The unremitting pursuit of goals – to the exclusion of everything else – is what ASI doom arguments suppose is normal for superhumanly intelligent creatures; yet this behavior seems incomprehensibly foolish from a human perspective.

It is not as if such behavior is alien to humans – Roman authors like Cicero and Ovid thought the tale of Midas held an important warning to their contemporaries. And closer to home, Goethe, in his Faust, created the modern archetype of the relentless striver.

The villain in Fargo is extreme. However, our culture is brimming with billionaires and their acolytes who, in some form, embody this archetype. Ordinary people struggle, too. We were promised that our technological culture would let us transcend limits and find instant gratification. Connect at will to anyone on Earth. But our journey, like Faust’s, led to addiction and alienation.

There is another, more ancient story involving Midas, told by Aristotle in a fragment of a lost early work preserved in Plutarch. King Midas once captured the satyr Silenus, hoping to learn from him his secret wisdom. What is the best thing for man, the king presses. The drunken satyr is reluctant to comply. At first, he remains silent; then he tries to reason with the king: it would be better for you not to know. But the king keeps pressing. Finally, Silenus laughs in his face: if you really want to know, the best thing for man is not to be born at all; the next best is to die soon. The king got his comeuppance. He had no business greedily pressing a supernatural being for wisdom. Nevertheless, we should understand that Silenus was serious; this, indeed, was his secret wisdom.

The two stories of Midas can be seen as connected. We can imagine Midas of the Golden Touch turning into a Seeker of Wisdom. He burnt himself once; he now wants to know. We, who live in a culture of relentless striving, can also try to wean ourselves from the pursuit of gold and ask ourselves what would truly be best for us. But it is not clear whether we will end up better off than Midas; we don’t seem to be able to come up with an answer to Silenus. We live in a world where ASI doom threatens not only physically, but spiritually, too.

As Aristotle explained in his later work, reason is not simply instrumental. It is not merely a capacity to figure out how to fit means to ends; it includes the capacity to determine what is best for us. What is best for us is not the mere satisfaction of our desires, whether bodily urges or desires for love, power or prestige. The good life, rather, is one of sustained activity in accordance with virtue, exercising our rational capacities excellently over a complete life.

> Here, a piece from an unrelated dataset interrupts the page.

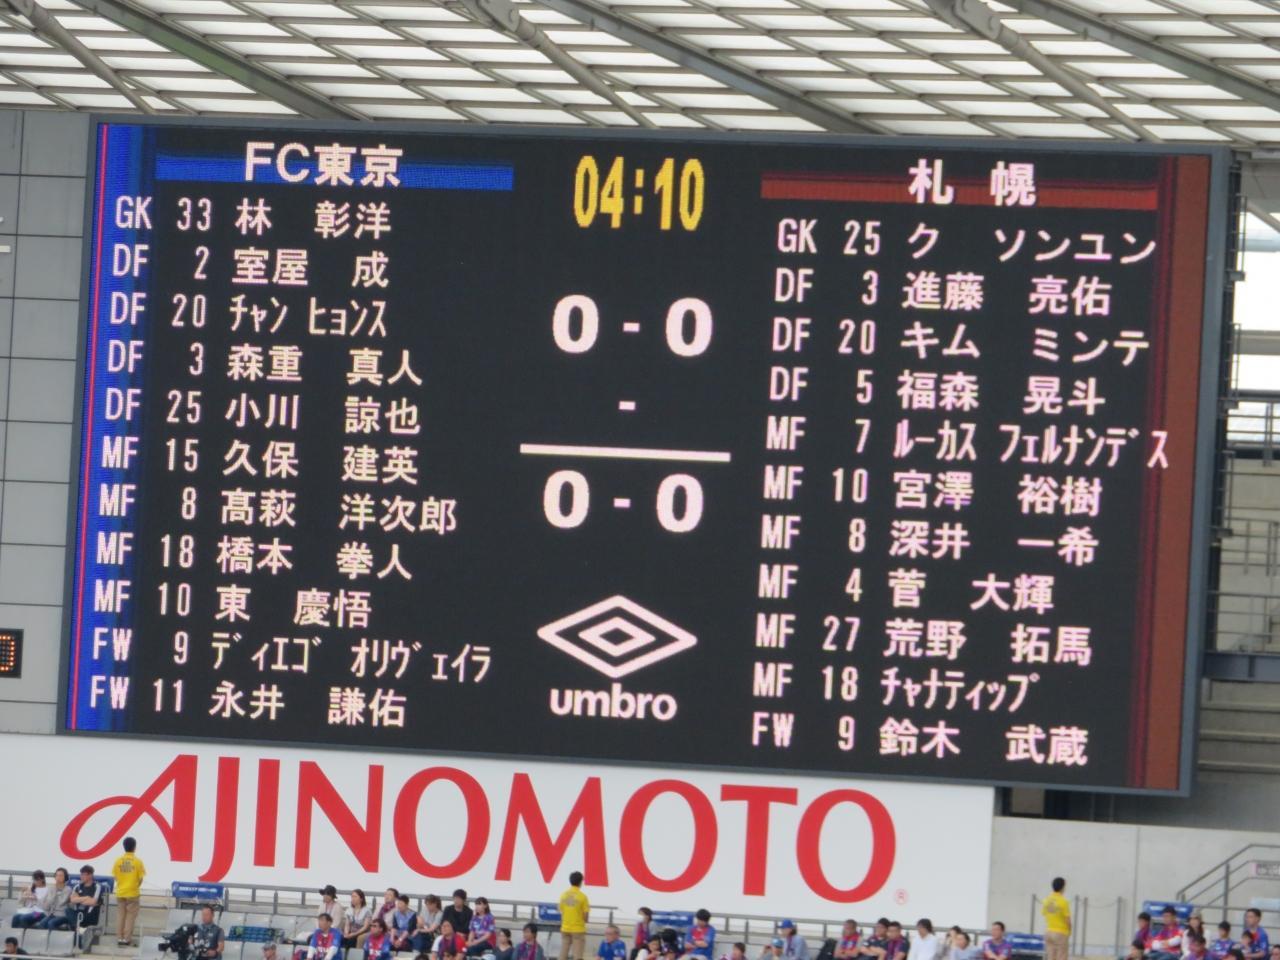 掲示板 fc 東京

But this perspective – the perspective of Police Chief Marge in Fargo – is hard to sustain in the shadow of AI. Nick Bostrom in his book Deep Utopia considers a “solved” world – that is, a world where everything worth doing can be done better by AI and where there is at the same time abundance and safety. In such a world, what meaningful activities remain to exercise our virtues? Loss of meaning looms for a new generation.

Bostrom even suggests that one – even if not the best – way humans can “thrive” in such a world is forever stimulation of their pleasure centers. Of course, endless ecstasy seems, at first glance, a great idea. But it is not a real solution to life’s problems and dissatisfactions. Aristotle calls a life devoted entirely to pleasure as fit for animals, but not for humans.

Even if the “solved” world is just a utopia never to come true, AI’s more modest promises to cure disease, to make our lives frictionless and abundant, seduce us. In exchange for these promises, we are willing to overlook how our digital lives make the exercise of virtues – contemplation, charity, love, connection, and creativity – increasingly difficult.

The fear of extinction by ASI seems intertwined with a fear of something more painful to face, the possibility that we are, like modern Fausts, losing our souls to the machine. Midas, at least, could wash his hands in the river. It is not clear we will find our Pactolus.